Kilka dni później prasa drukuje oświadczenie: „My, westerplatczycy, i nasze rodziny nie życzymy sobie żadnego kontaktu z byłymi żołnierzami niemieckimi. Nie kierujemy się uczuciem nienawiści za doznane krzywdy i utratę zdrowia, lecz do końca swych dni pamiętać będziemy, że Westerplatte i nasza obrona była, jest i powinna pozostać dla przyszłych pokoleń symbolem męstwa i honoru
…)
Zanim 1 września o świcie zaczął się atak, kapral nadterminowy Stanisław Trela siedział w koszarach na Westerplatte i na pomarańczowym papierze pisał do rodziców (list z wojska musiał być ładny). Skończył list, poszedł spać, kolega obudził go na wartę. Wtedy usłyszał pierwszy strzał. Była 4.18 nad ranem.
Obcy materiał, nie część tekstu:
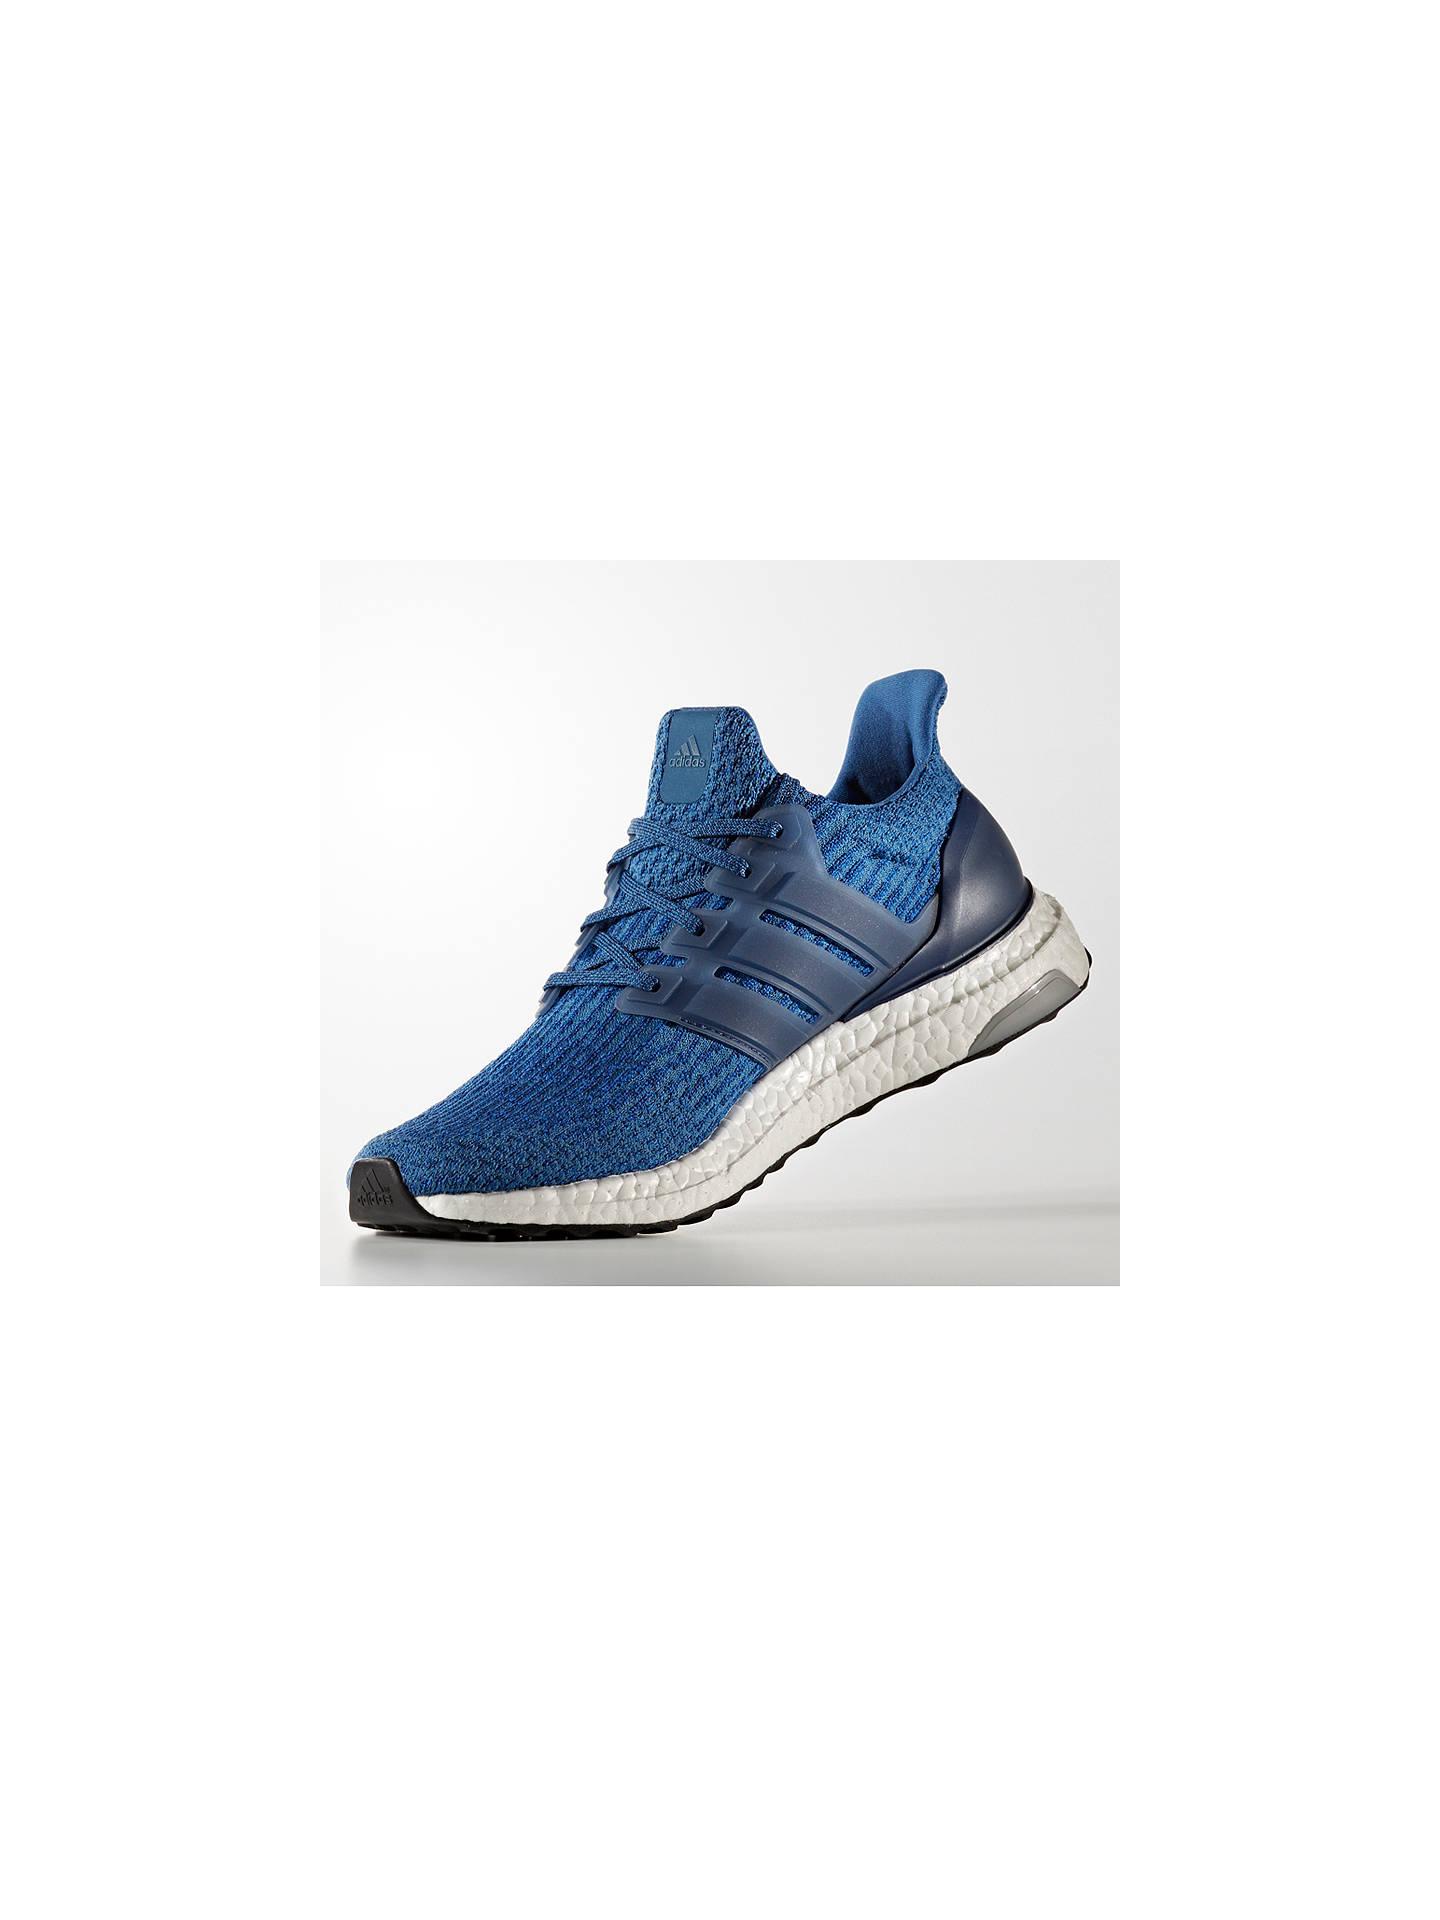 9a1a78e1fbc19 ... Buy adidas Ultra Boost Men s Running Shoes

- Zameldowałem dowódcy, że ktoś strzela - wspomina Trela. - To były szwaby.
- Mówi pan o Niemcach „szwaby". Pan, który przyjął gest pojednania?
- Tak, pamiętam wojnę. Jeszcze dzisiaj ciarki chodzą mi po plecach. Ale nie podałem ręki oprawcom, tylko żołnierzom. My się broniliśmy, oni mieli rozkaz atakować. Nas zginęło 15, ich kilkuset, a jednak już w 40. rocznicę Westerplatte złożyli wieńce na grobie majora Sucharskiego.
W domowym archiwum Trela przechowuje niewyraźną odbitkę zdjęcia: major Sucharski otrzymuje szablę od oficera niemieckiego, który przyjmuje kapitulację westerplatczyków.
- Mógłbym na ścianie mieć zdjęcie wnuków - mówi. - Ale Westerplatte mocno siedzi w moim sercu. Nie zrobiłem nic wielkiego. Biskupi przebaczyli, Mazowiecki pojednał się z Kohlem, ksiądz, który przeżył Katyń, wybaczył Rosjanom. Czy taki zwykły Trela może być przeciw rozsądkowi?
Treli nie było na gdańskich obchodach rocznicy Westerplatte w 1993 roku. Przeczytał w gazecie protest towarzyszy broni: „Nie życzymy sobie żadnego kontaktu z byłymi żołnierzami armii niemieckiej". Rozchorował się.
Stanisław Trela nie doczekał kolejnych obchodów Westerplatte. Zmarł w sierpniu 1994, na kilka dni przed kolejną rocznicą Września.
Nad jego mogiłą spotkali się westerplatczycy, którzy z górą pół wieku temu strzelali do siebie. Garstka starych mężczyzn; większość pomarła, a wielu żyjącym trudno wyrzucić z serca dawną złość. Ci, którzy przyszli, podali sobie ręce. Stanisław Trela przestał być samotny. Nie wiem, jak przekonał swoich towarzyszy broni. Kapral nadterminowy Stanisław Trela miał zwyczaj czynić to, co uważał za słuszne, lecz nie miał zwyczaju się chwalić.
Tekst pochodzi z: Polacy i Niemcy pół wieku później, Kraków 1996.